Typhoid conjugate vaccine (TCV) is highly immunogenic in Malawian children as young as 9 months of age! New data show TCV elicits a strong immune response among both young children and school-age children and does not interfere with measles-rubella (MR) vaccine when given at the same time. These findings support adding TCV to routine immunization schedules alongside MR vaccine and using TCV in school-based catch-up campaigns.
This immune response study was nested within a vaccine efficacy study, published in 2021, which demonstrated that TCV has 84% efficacy in reducing typhoid among Malawian children. The recent study results provide even more evidence that TCV offers lifesaving protection to African children.
TCV highly immunogenic among Malawian children
The study enrolled 600 children from Blantyre, Malawi into three age groups (9-11 months, 1-5 years, and 6-12 years). All children aged 9-11 months old also received the MR vaccine—alongside TCV or MCV-A—per the routine immunization schedule. Researchers randomized these groups 1:1 to receive TCV or the control vaccine (meningococcal serogroup A conjugate vaccine, MCV-A). Researchers collected blood samples from children before vaccination, at 28 days, and 2-3 years after vaccination. They also followed up with the children periodically for up to three years after vaccination.

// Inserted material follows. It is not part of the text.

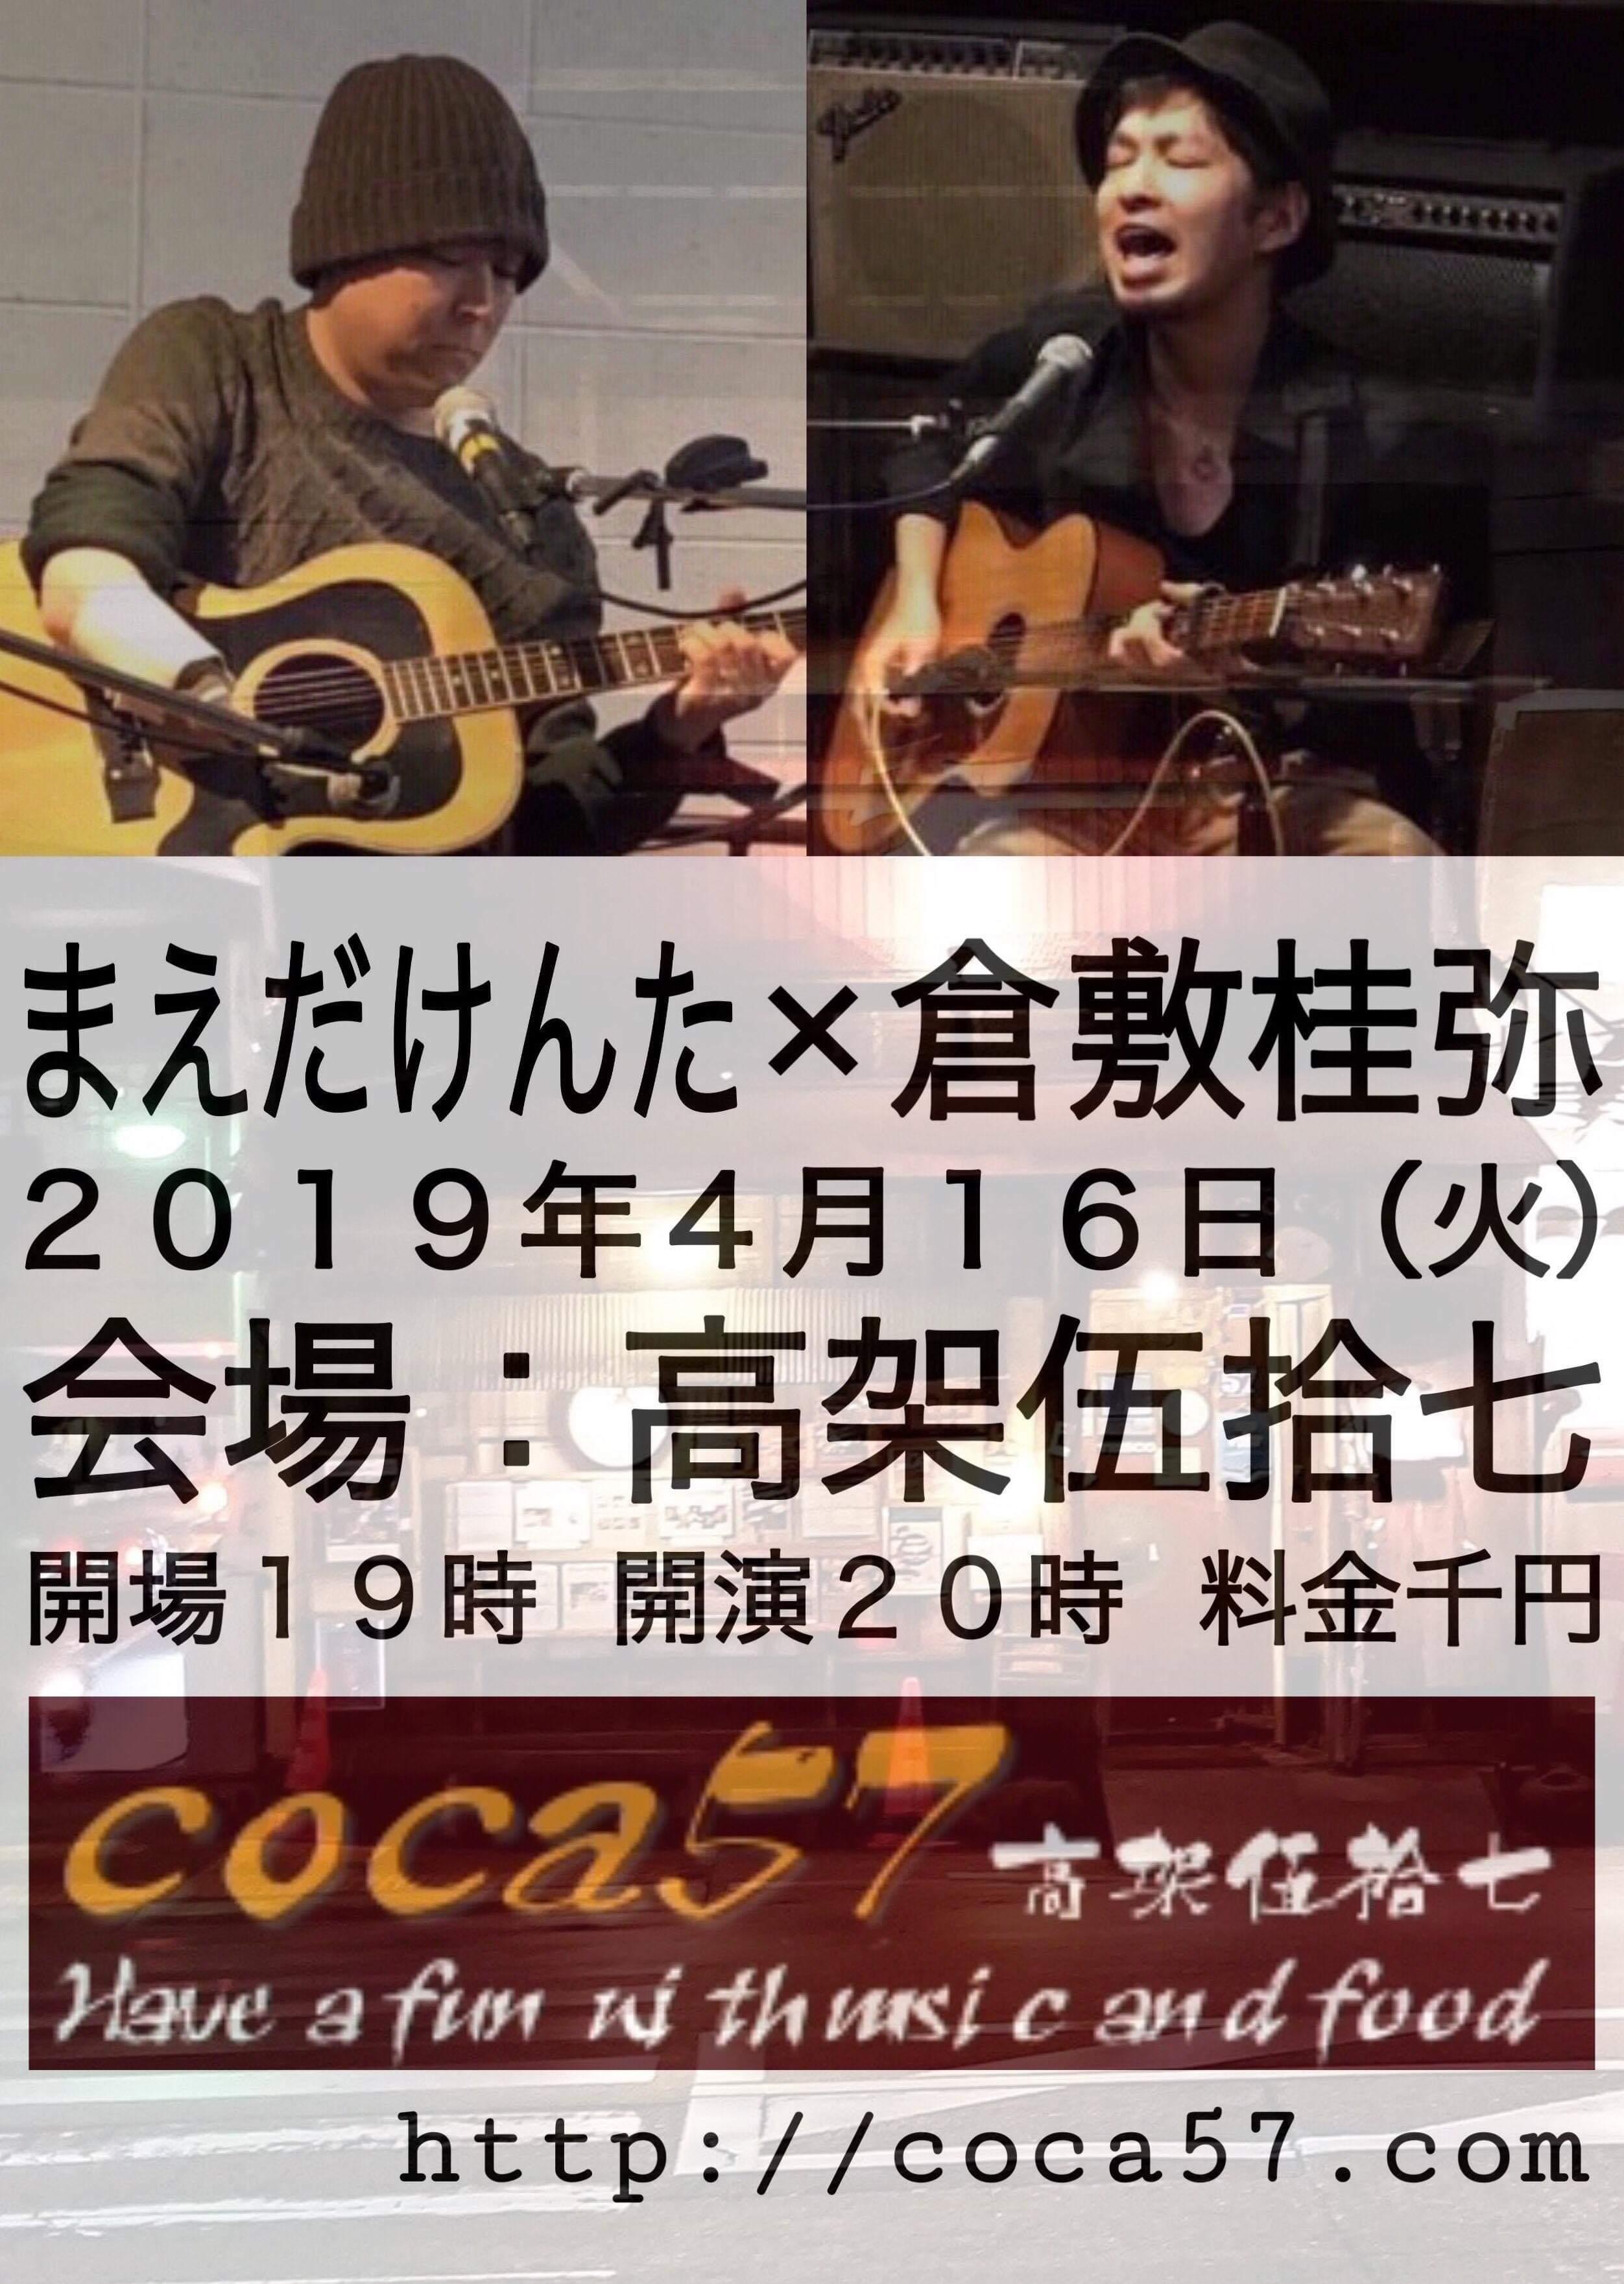 まえだけんたlive  Open 19:00 出演:まえだけんた/倉敷桂弥

Among infants who received TCV with MR vaccine, 99% achieved protective levels of antibody in their blood 28 days post-vaccination, and 68% maintained this protection for 2-3 years. This shows that TCV and MR vaccine do not interfere with each other and can therefore be given at the same time. Additionally, it shows that the immune protection from TCV may last for at least 3 years.

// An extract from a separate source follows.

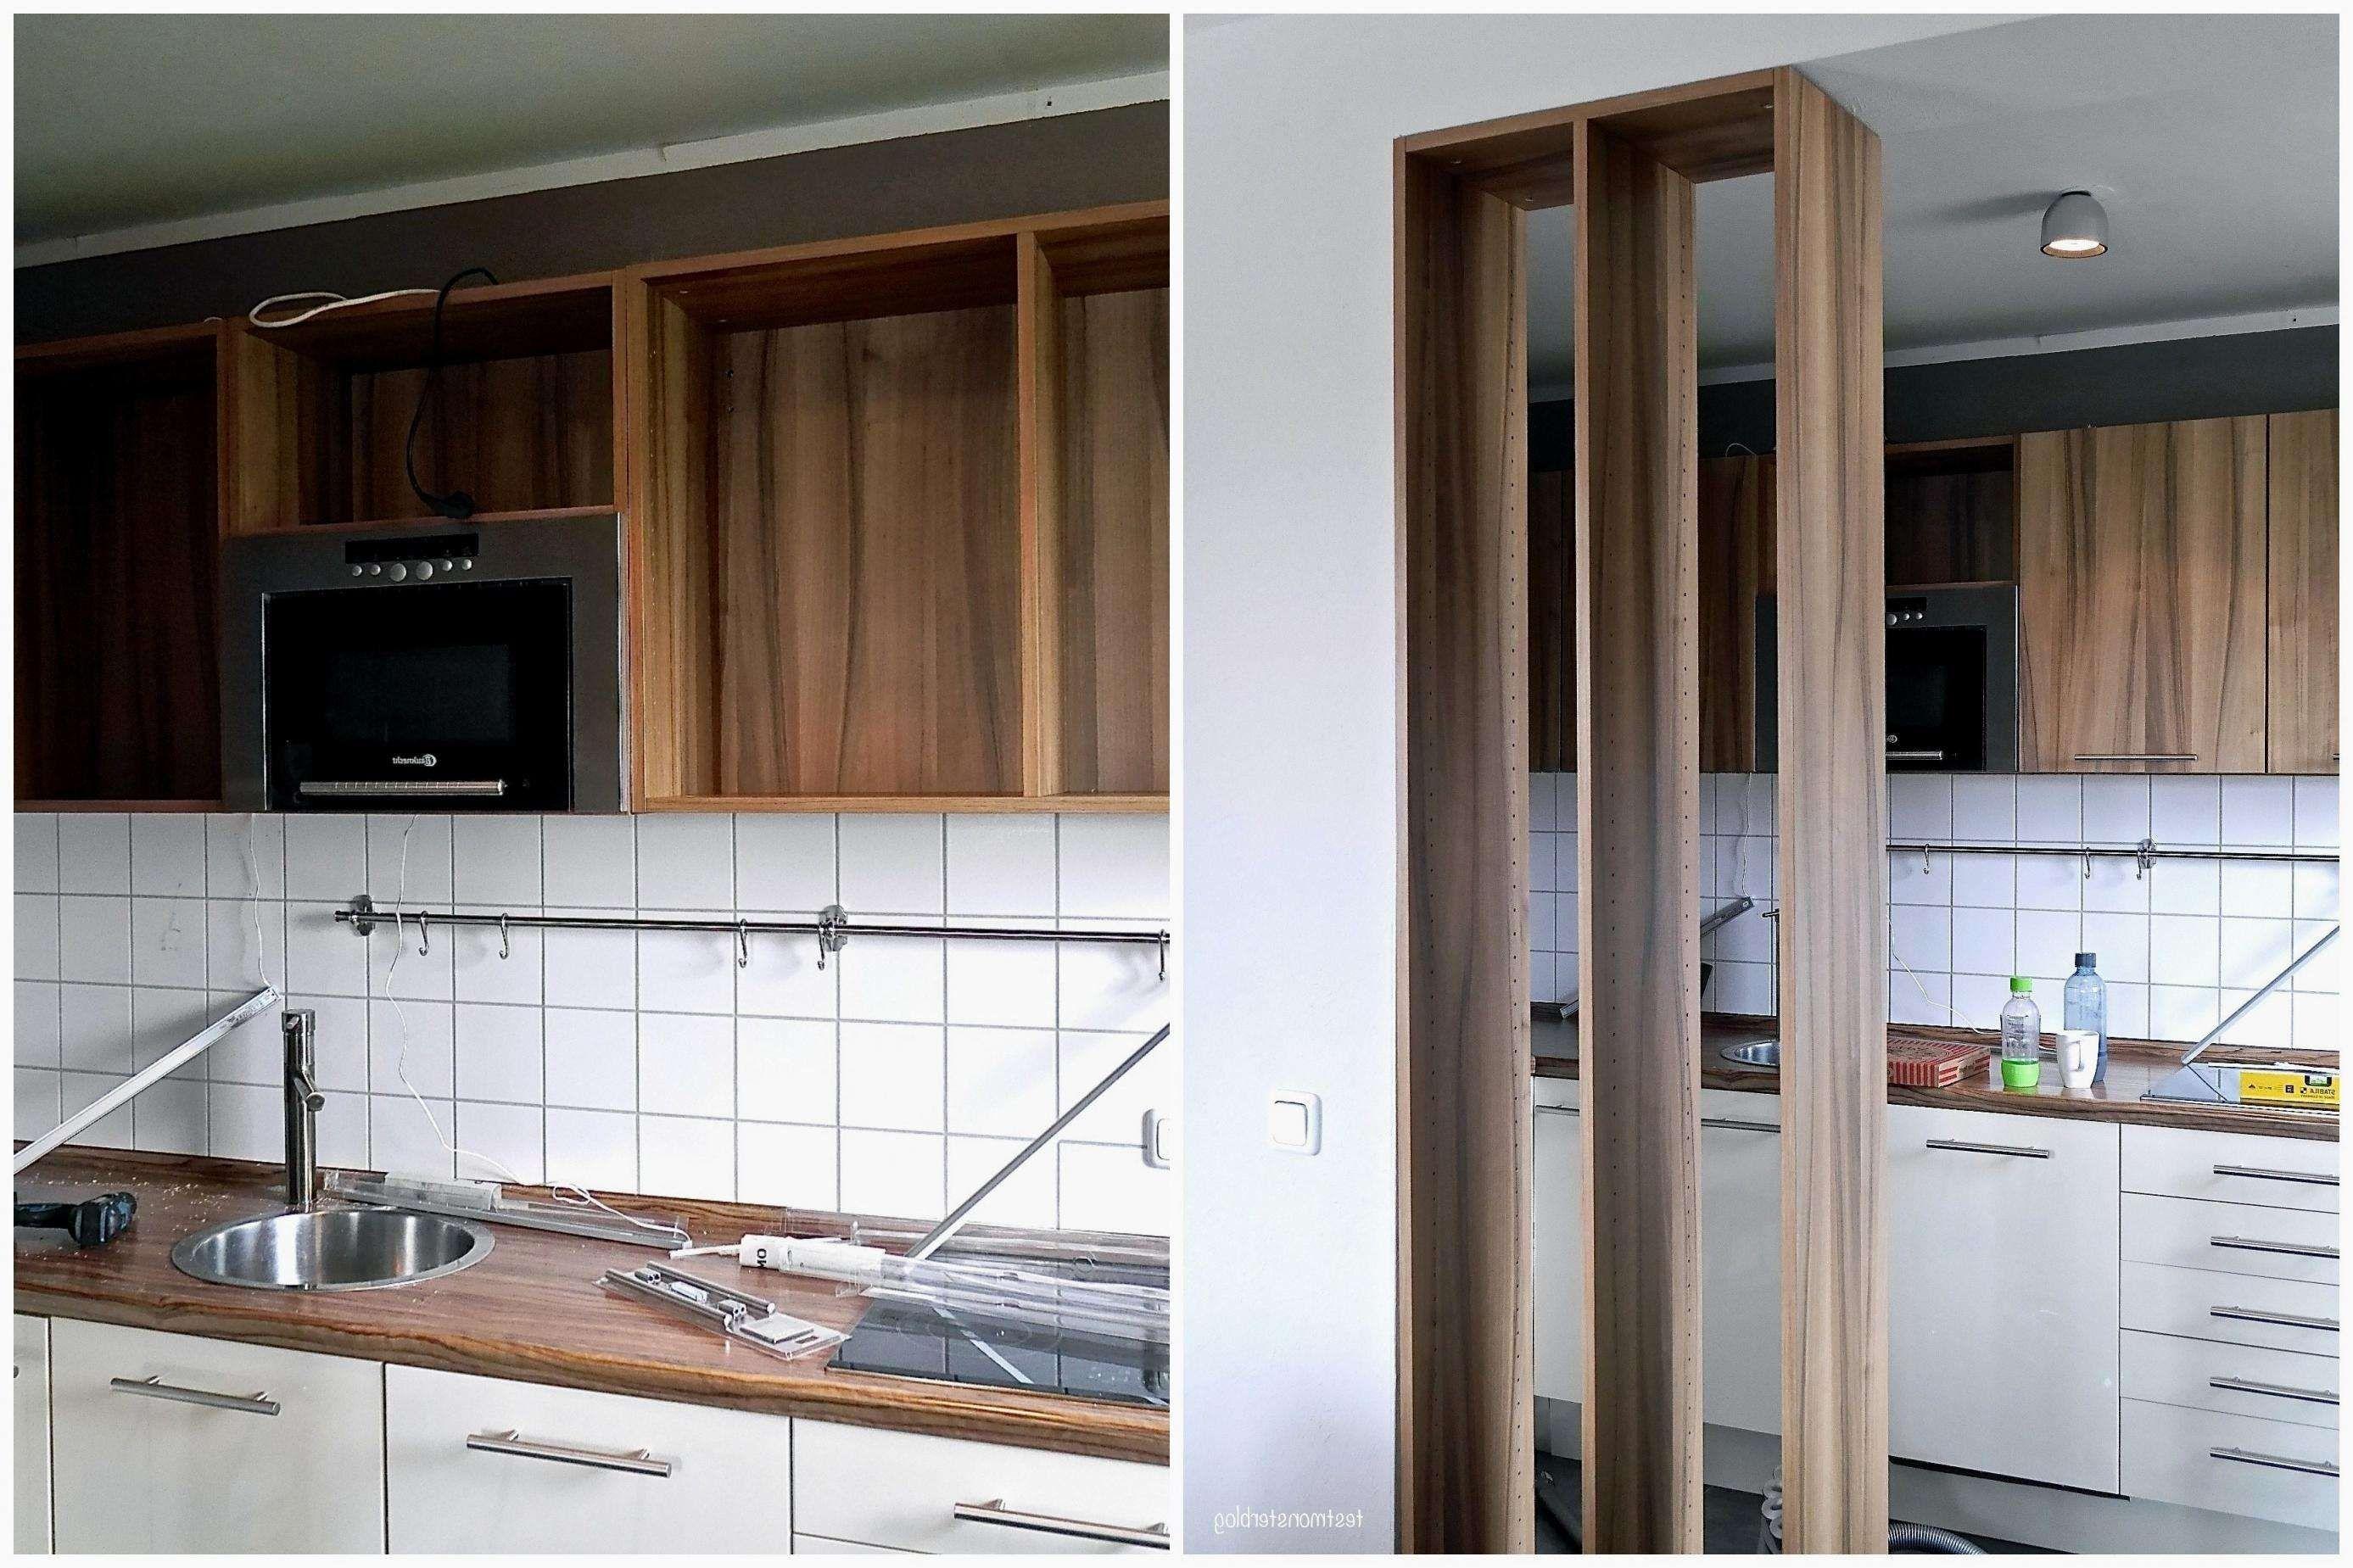 35 Frisch Arbeitsplatte Kuche Corian Erfahrungen Ikea Kitchen Kitchen Decor

Study supports TCV introduction in typhoid-endemic countries
The World Health Organization (WHO) recommends prioritization of routine TCV immunization among all children younger than 12 months of age in areas with a high burden of typhoid and/or drug-resistant typhoid.
WHO also notes that TCV can be safely given alongside MR vaccine. The data from this study further support co-administration with routine MR vaccine and introduction into routine childhood immunization at 9 months. The results from Malawi are compatible with those from other TCV immunogenicity studies in India, Nepal, Bangladesh, and Burkina Faso, which also found that TCV can be safely co-administered with other routine vaccines. This additional evidence is essential for decision-makers in Malawi or other African countries planning or considering TCV introduction.
TCV becoming routine for young children—as is happening in Pakistan, Liberia, Zimbabwe, Samoa, and Nepal—provides hope that one day all children can live a life protected against typhoid. Routine TCV vaccination will also help allay the threat of drug-resistant typhoid.
Additionally, cost-effectiveness analyses have shown that TCV catch-up campaigns among older children and adults alongside introduction into routine immunization are a cost-effective strategy. This study’s findings of a strong immune response among school-age children support this strategy. School-based campaigns can be an effective way to reach children with TCV during a catch-up campaign.
The future of typhoid prevention in Malawi and beyond
Malawi is committed to protecting children from typhoid and plans to introduce TCV later this year. These promising results from Malawi—alongside other ongoing studies—offer hope that more decision-makers will prioritize TCV so that children will be protected from typhoid. As Malawi and other countries introduce TCV, that hope moves closer to reality.